Monday, February 25, 2013

Disputing parents divide the pie

When parents locked in litigation complain to me about legal fees draining their financial resources, I tell them a story related by Francisco Ingouville in his book, Onthe Same Side

Two boys who had received a pie in payment for a job couldn’t agree how to share it.  When their argument turned violent, an older neighbor stepped in and asked what was going on. After learning what the argument was about, the neighbor said that what they needed was an impartial arbitrator, a role he immediately took on. After bringing out a knife and cutting the pie in two, he inspected the two halves.  Concluding that one piece was larger than the other, he picked up the larger piece and bit off a large portion.  He compared the two halves again but now it was the other half that seemed larger. Without hesitating, he applied the same strategy to the now larger piece, taking a sizeable bite. But once again, the half that was too small was now the larger of the two. The two boys, who were still at odds, stood and watched as their halves grew smaller in turn until there was nothing left.
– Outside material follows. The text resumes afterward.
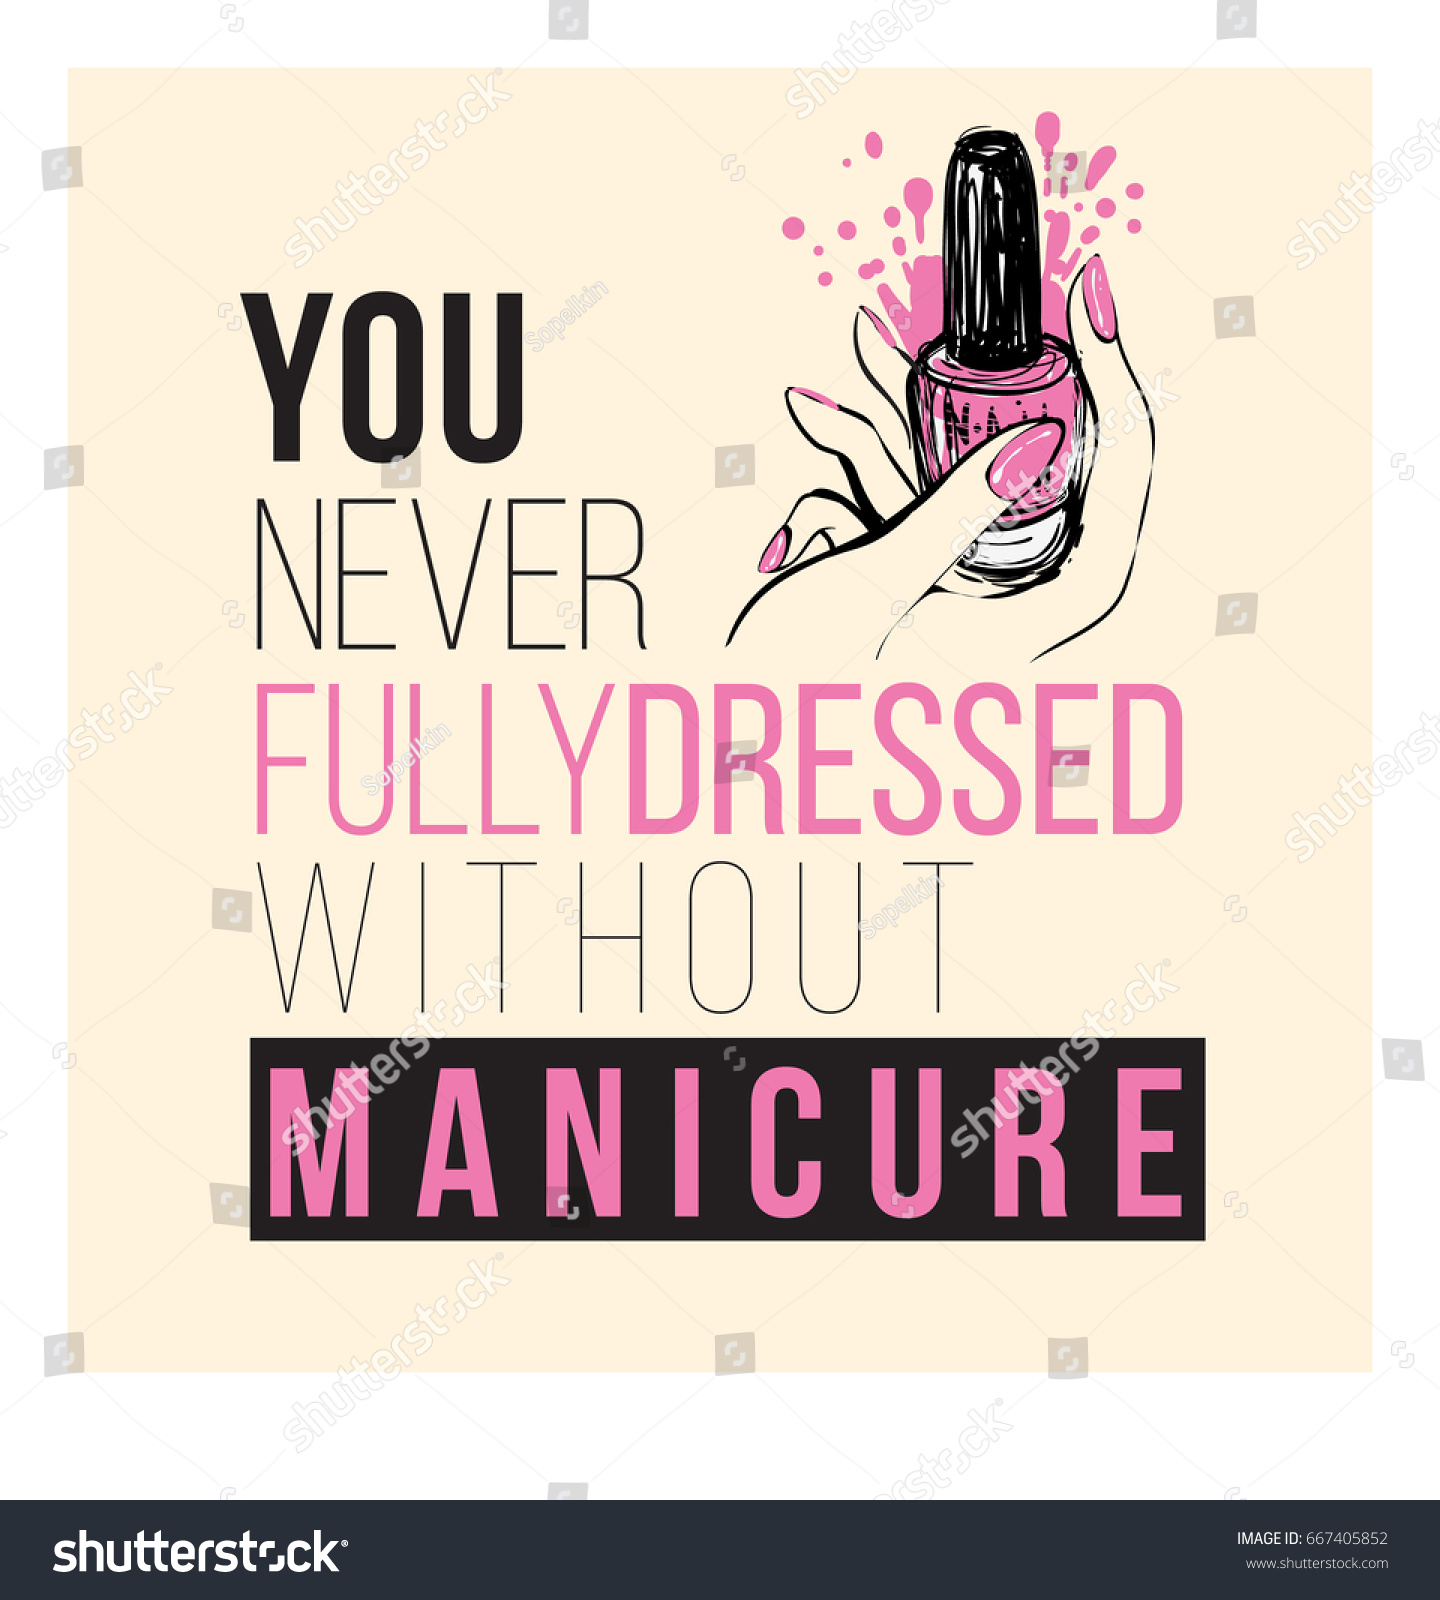 You Never Fully Dressed Without Manicure Stock Vector 667405852 ...

Yet no one could deny that the neighbor had imparted justice, since the boys received exactly the same.
Disputing parents who rely upon third parties to resolve their disputes risk more than financial resources—their pieces of the pie.  They also lose the opportunity to build a positive working relationship for co-parenting in the future,  to create novel solutions, to feel pride in a job well done, and to make decisions based upon their interests rather accept an authority’s decisions based upon their legal rights.